Line by line, return the listing exactly, without any of the images.

Dataset section:
BEGIN

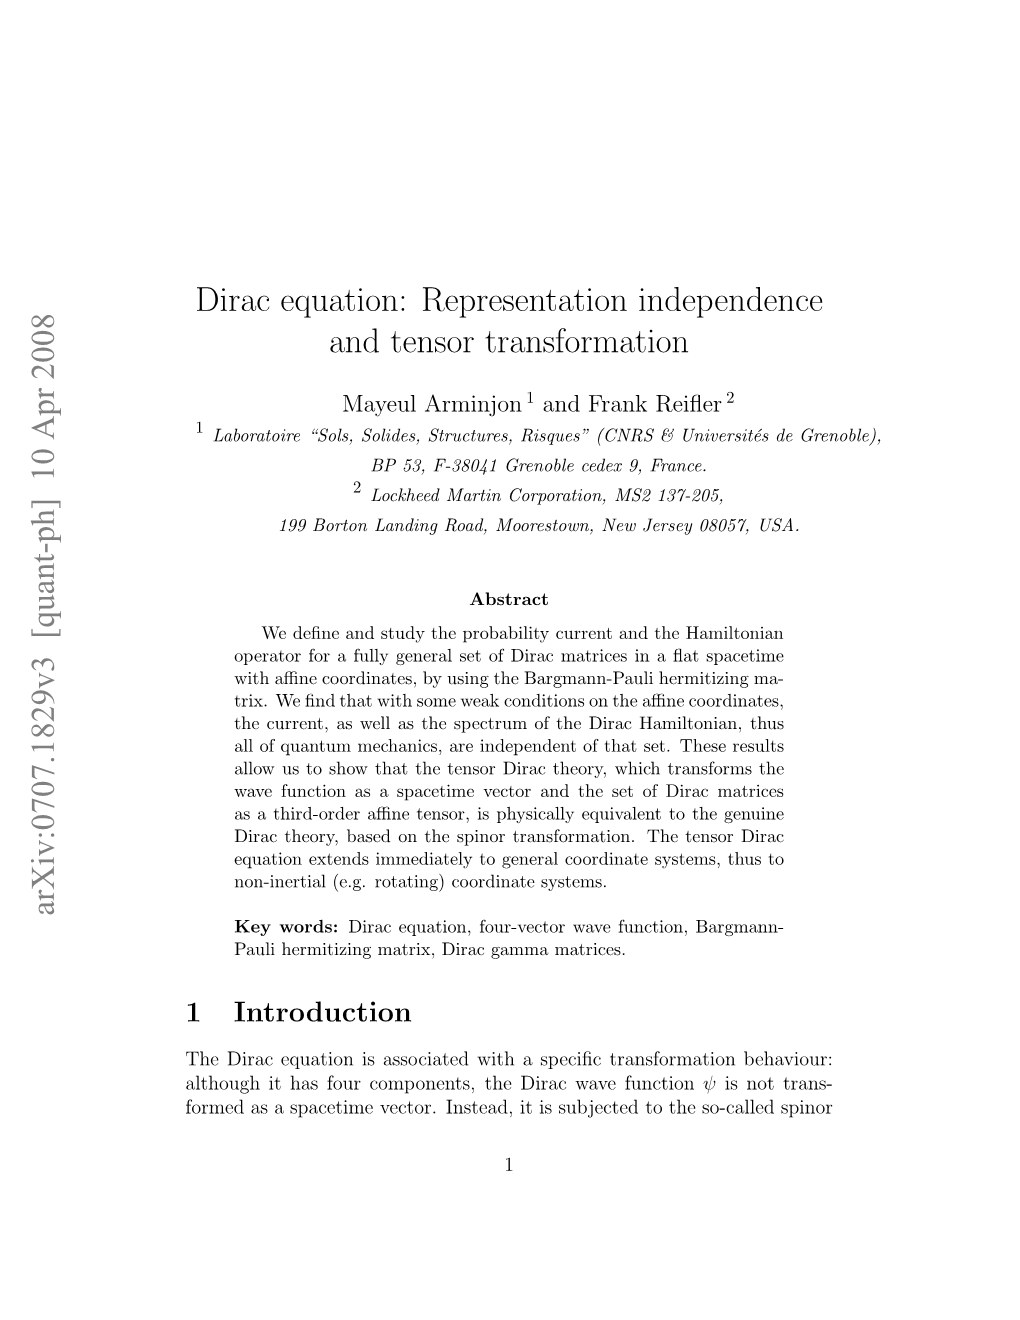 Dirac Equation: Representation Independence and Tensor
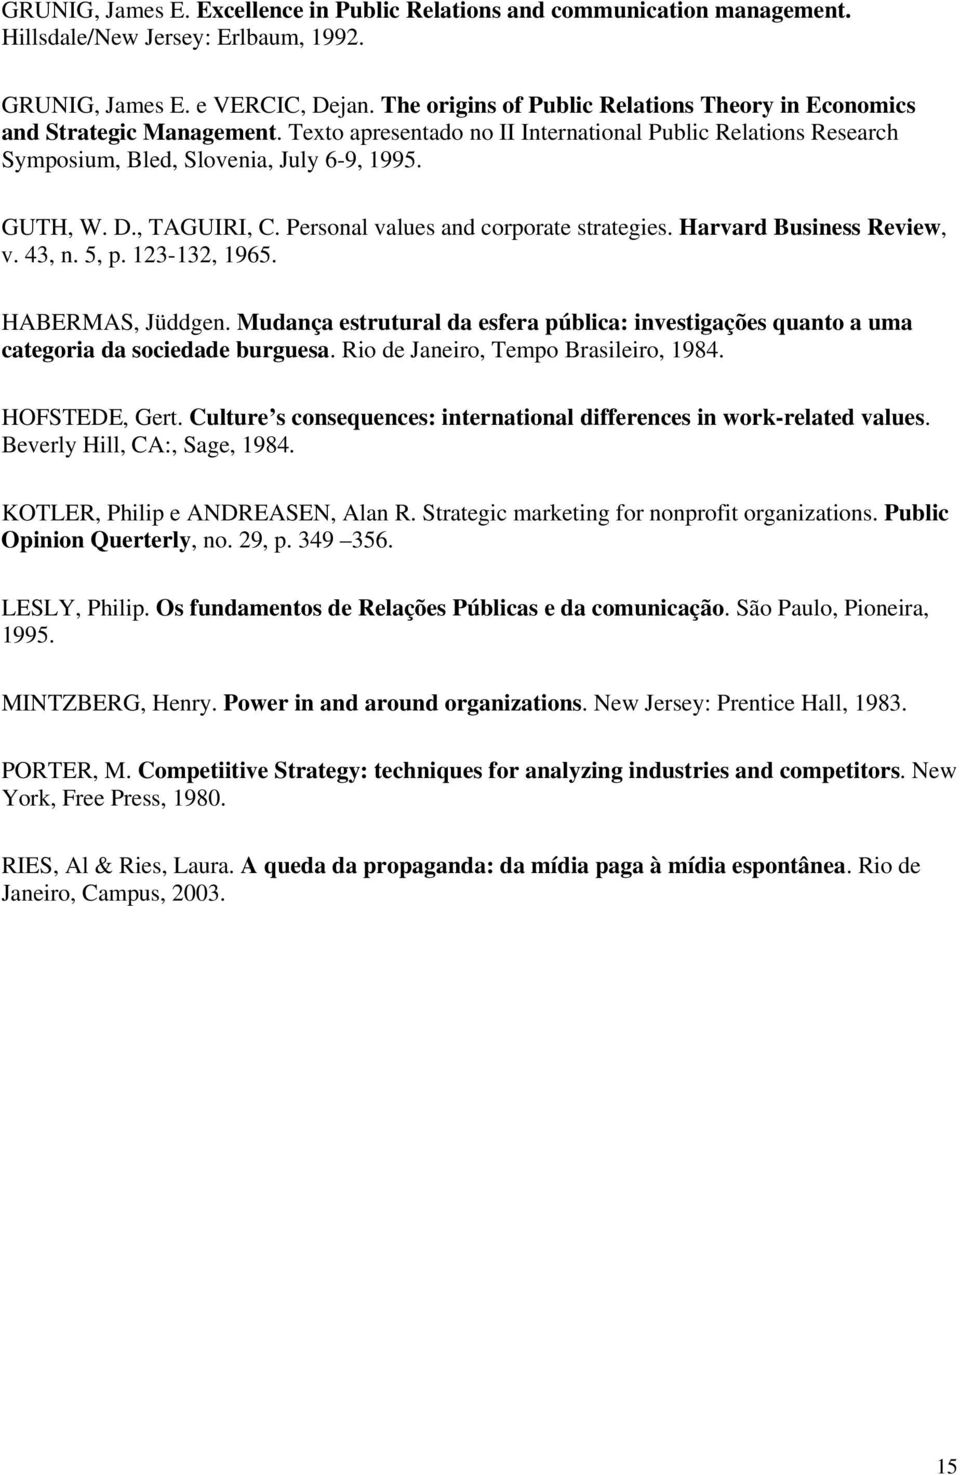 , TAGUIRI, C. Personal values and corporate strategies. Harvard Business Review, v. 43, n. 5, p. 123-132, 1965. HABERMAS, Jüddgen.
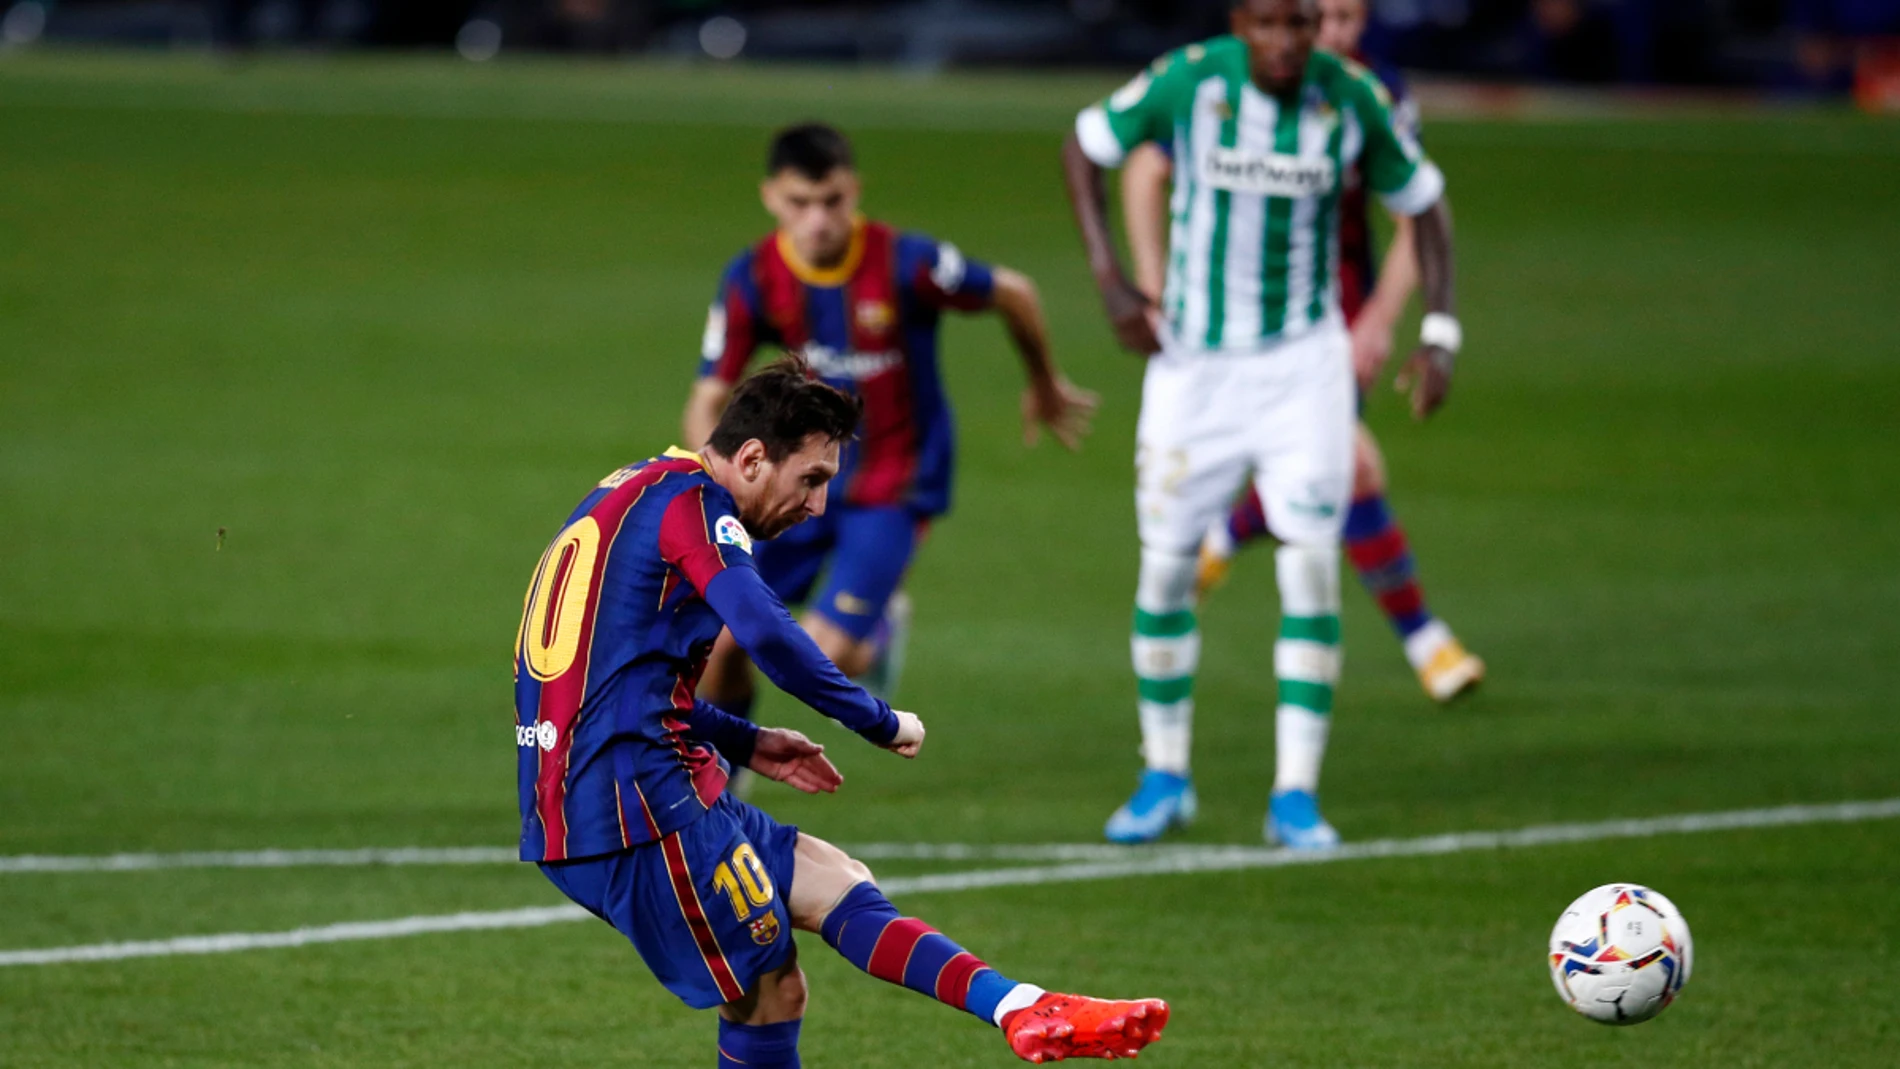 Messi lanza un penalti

END

Task solution:
 Dirac Equation: Representation Independence and Tensor
 , TAGUIRI, C. Personal values and corporate strategies. Harvard Business Review, v. 43, n. 5, p. 123-132, 1965. HABERMAS, Jüddgen.
 Messi lanza un penalti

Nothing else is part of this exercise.